### Source material

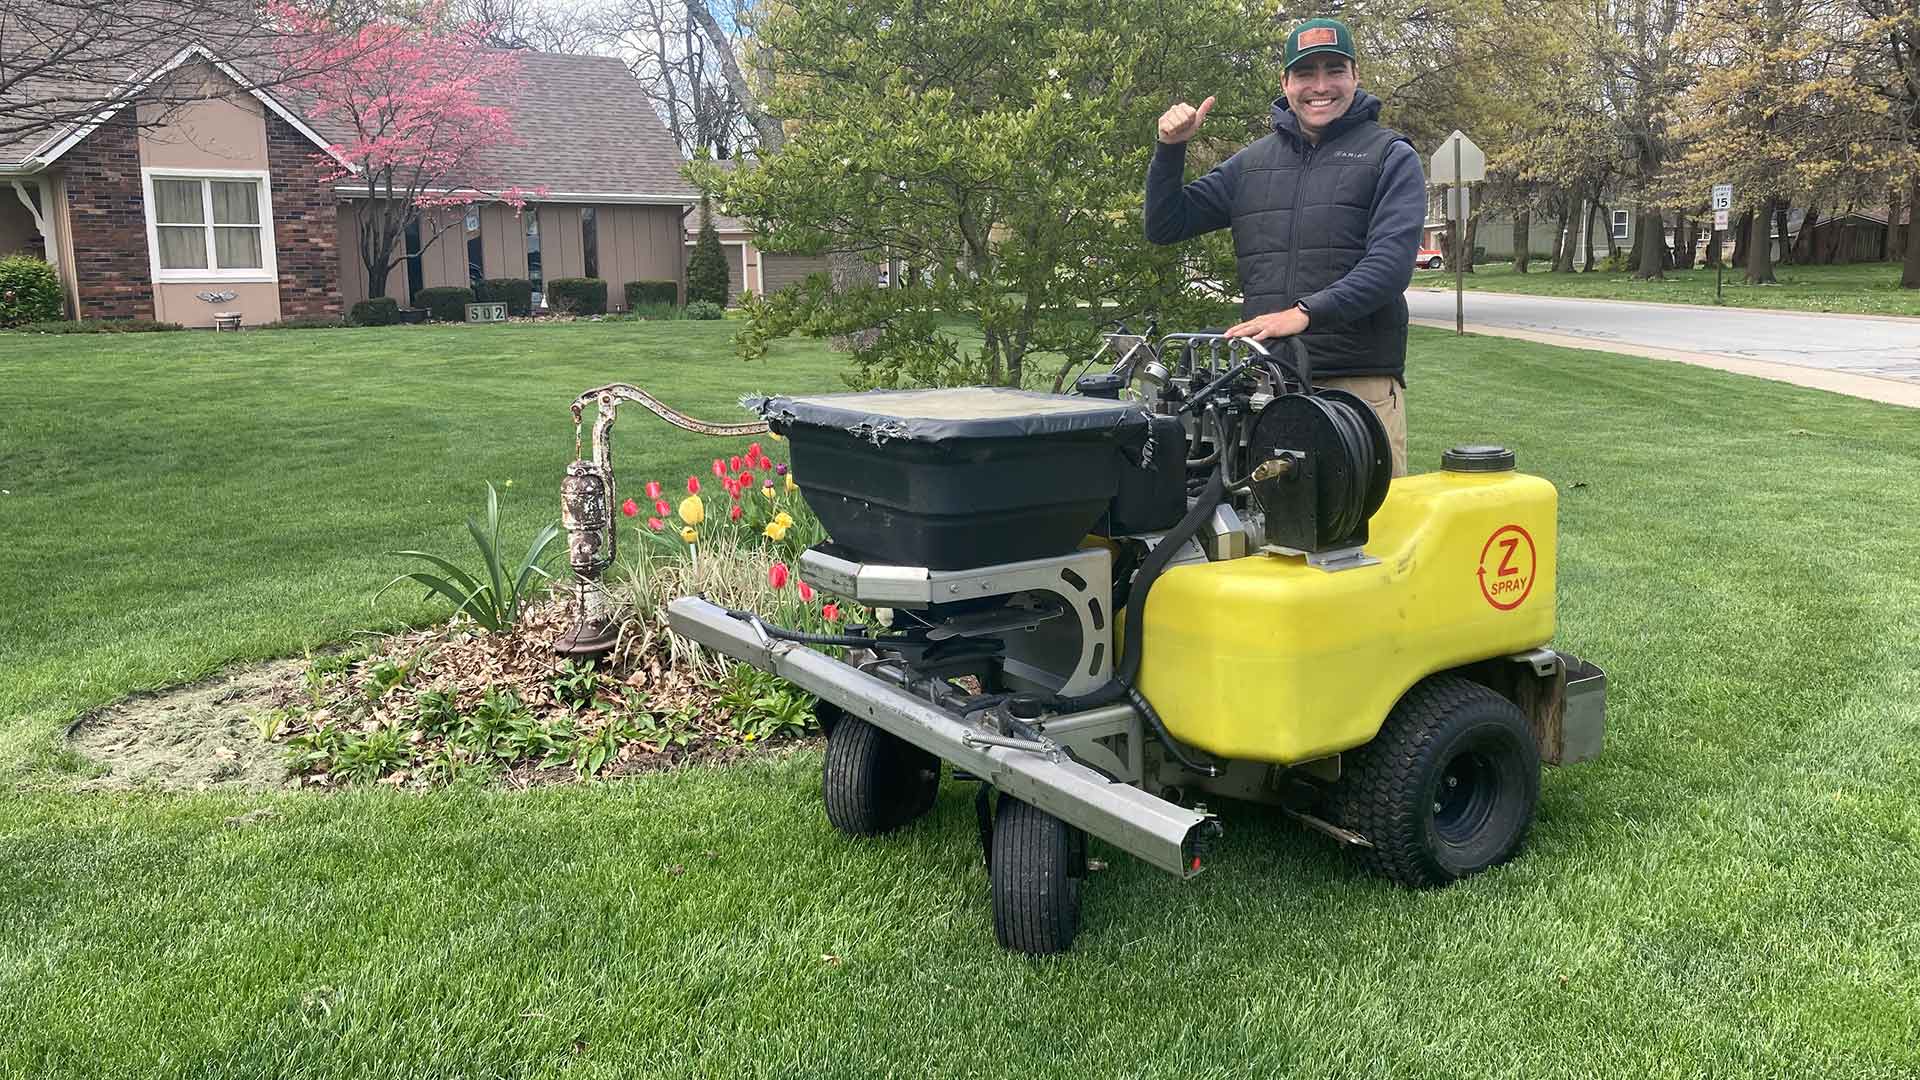 Lawn care equipment in use at a home near Kansas City, KS.
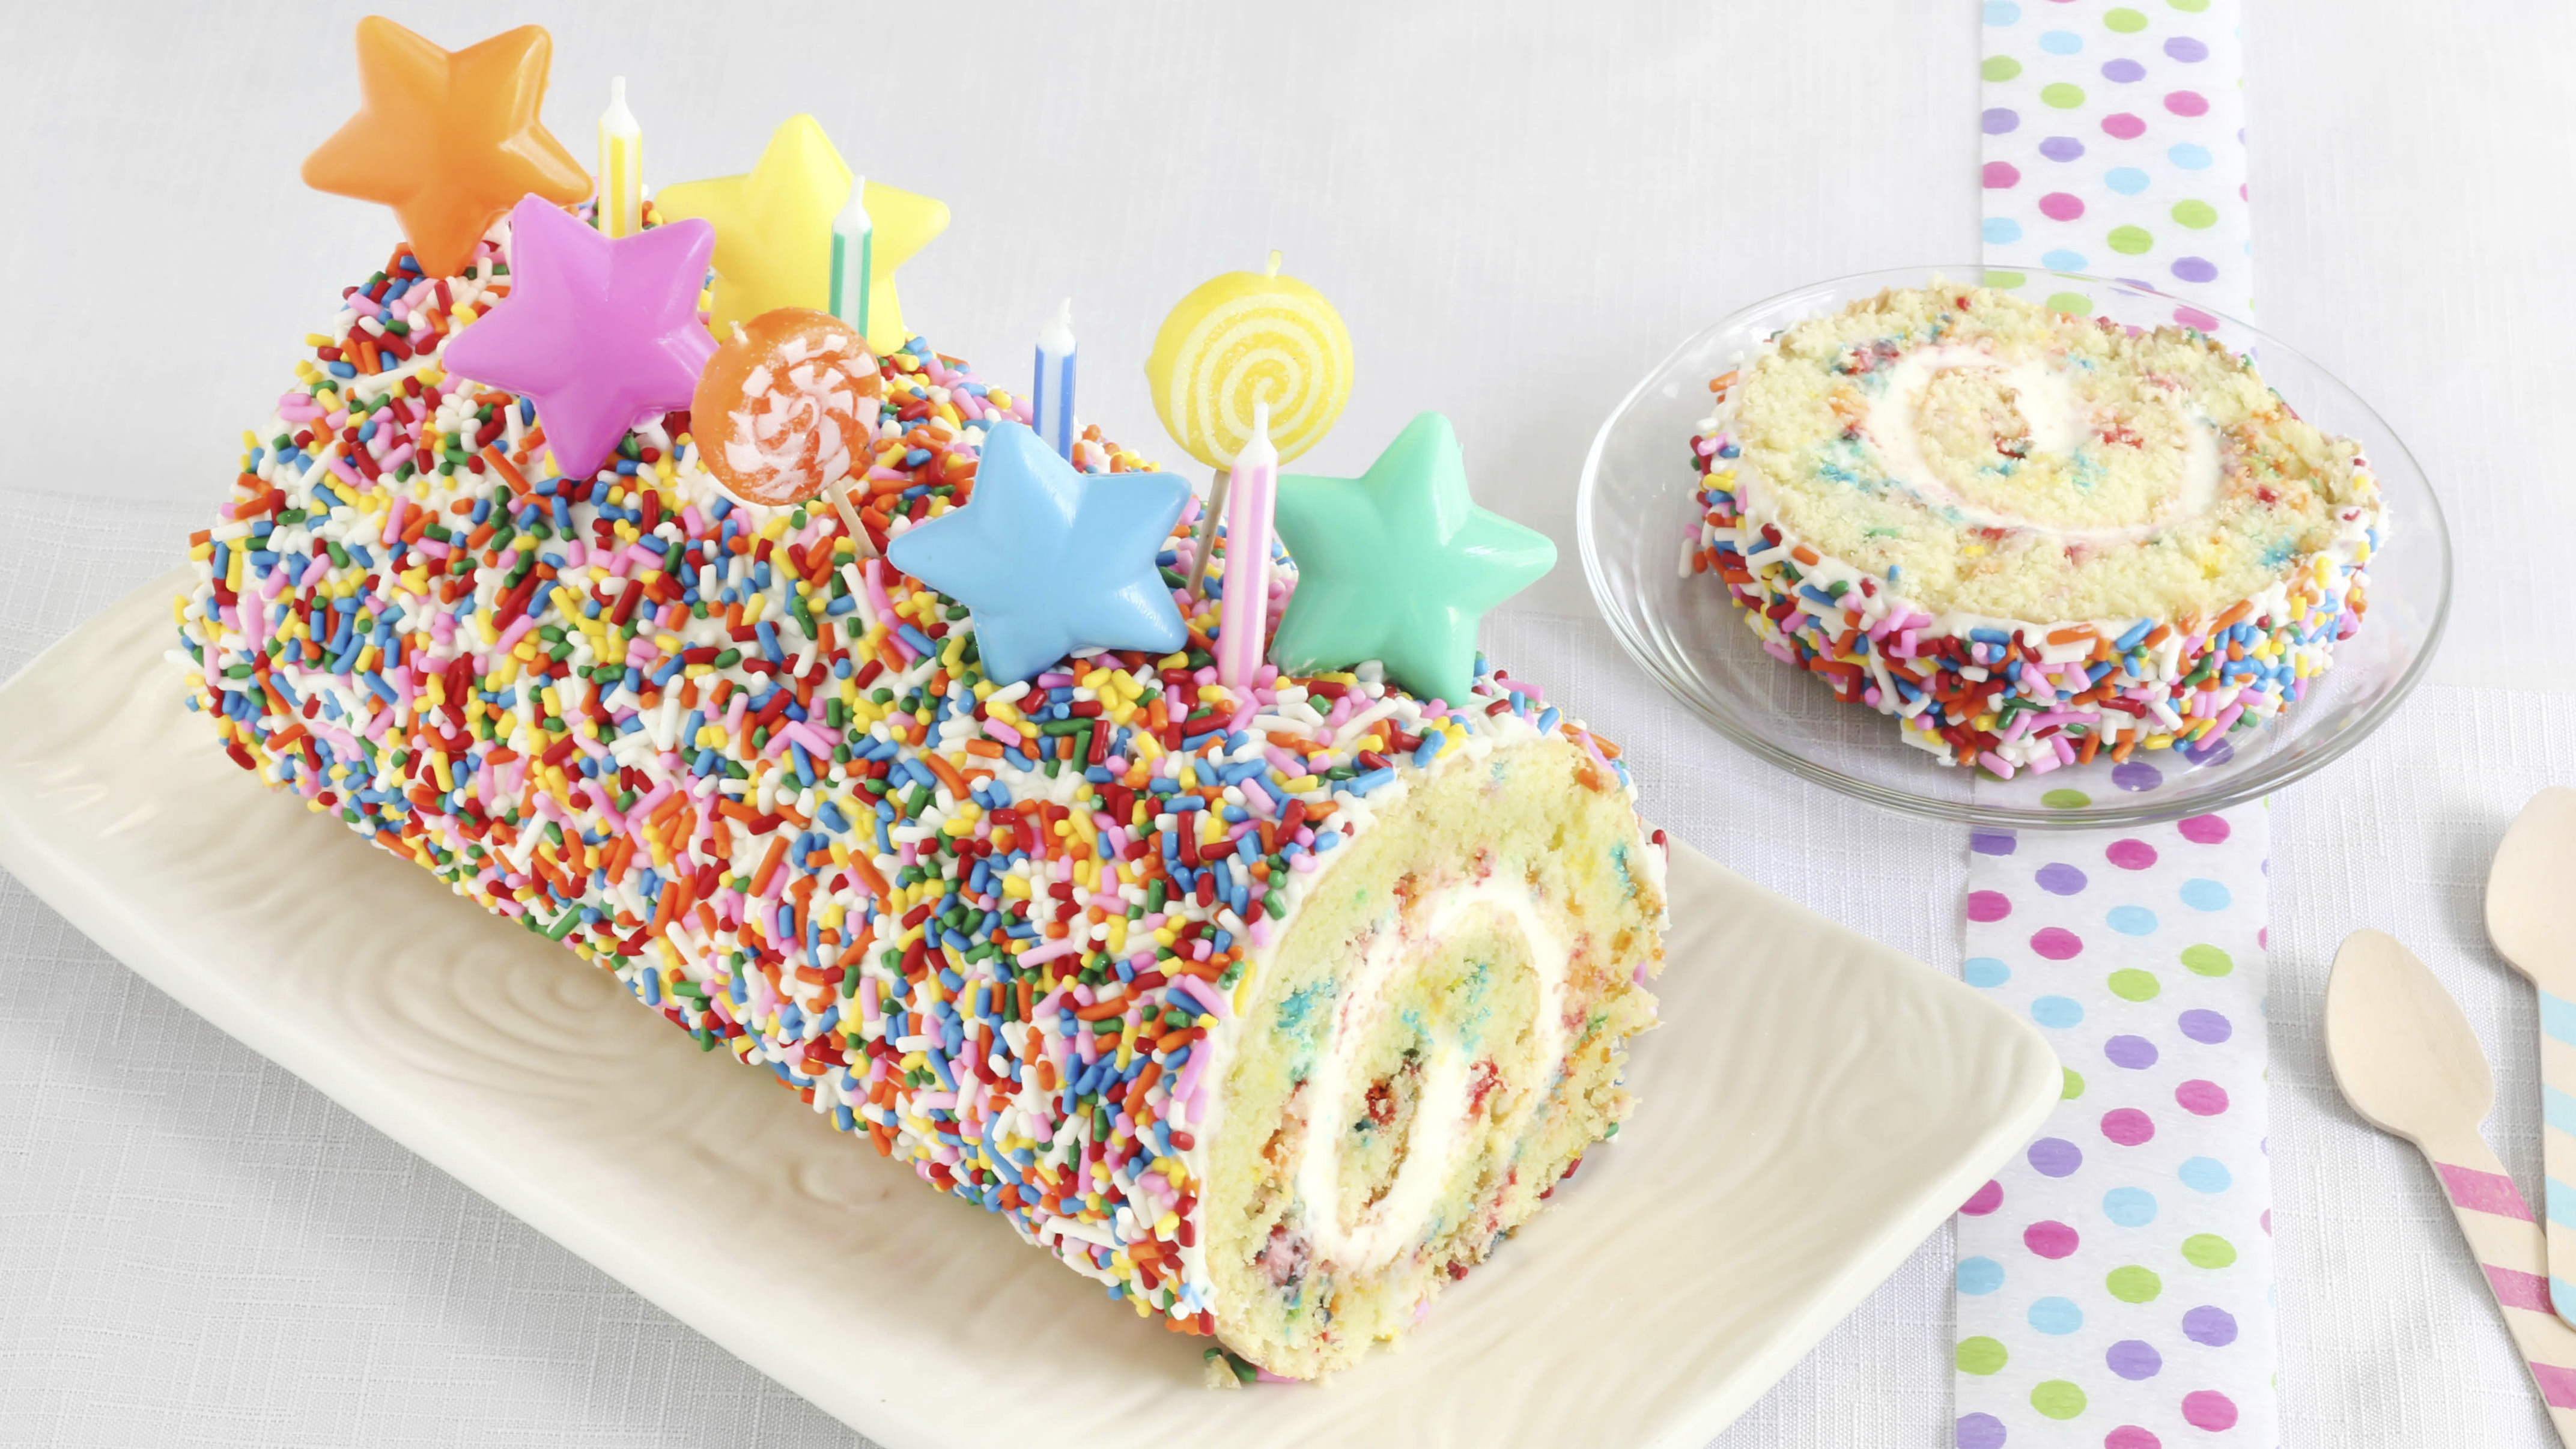 Funfetti cake with white chocolate frosting
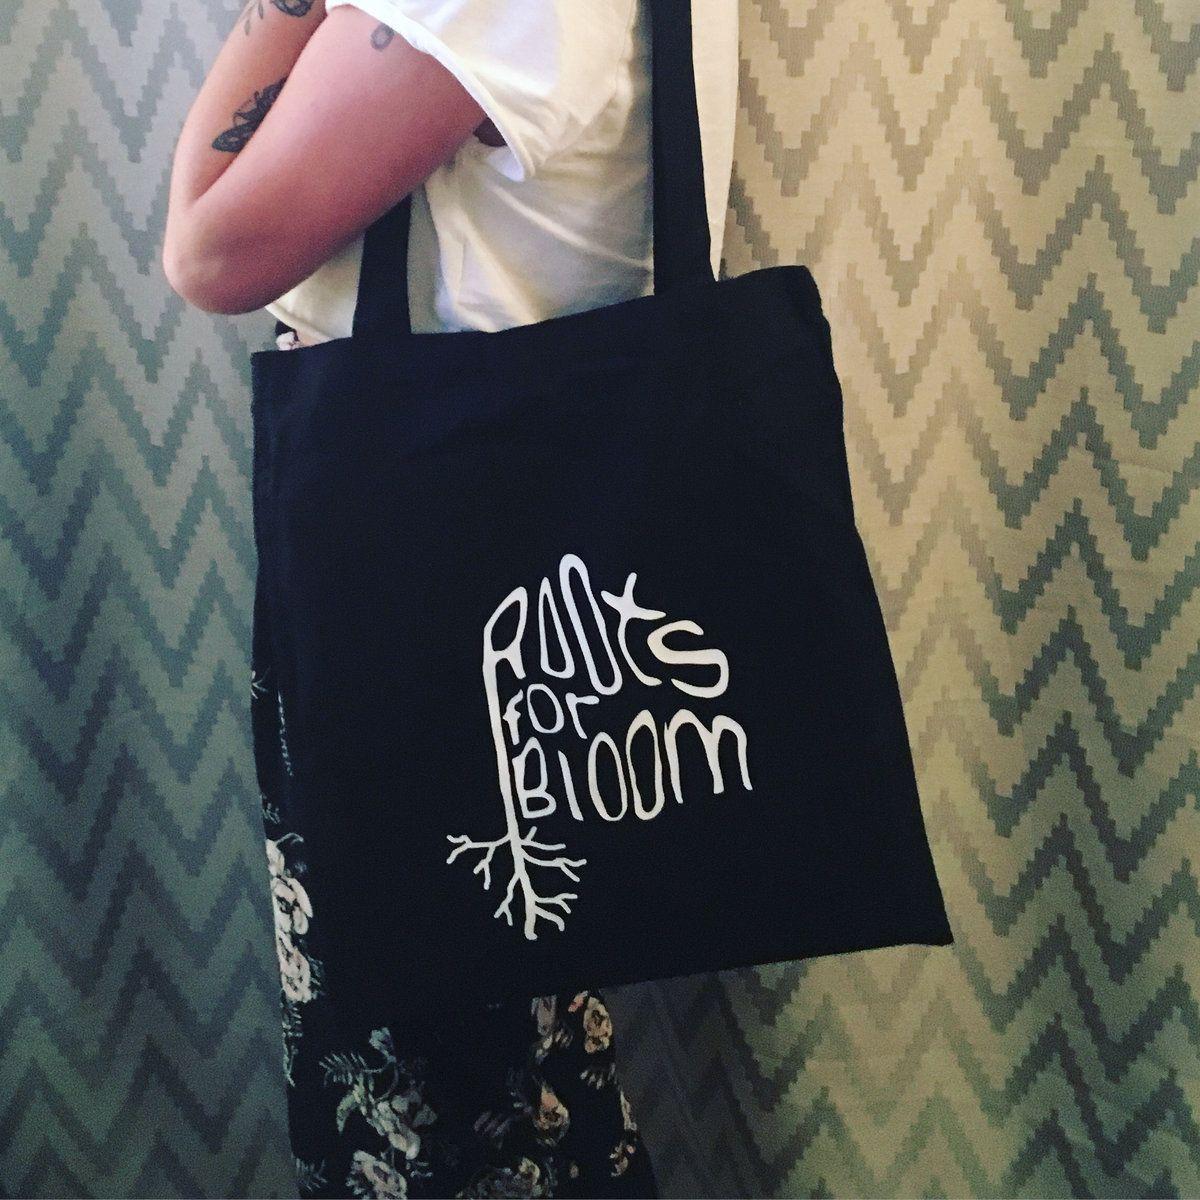 Red Roots Logo - Red Tote Bag w. Roots For Bloom Logo. Roots For Bloom

######

* **The task**
Exactly repeat every line from the line that includes "Funfetti cake with white chocolate frosting" to the end of the listing, and nothing else, leaving pictures out.

* **Task answer**
 Funfetti cake with white chocolate frosting
 Red Roots Logo - Red Tote Bag w. Roots For Bloom Logo. Roots For Bloom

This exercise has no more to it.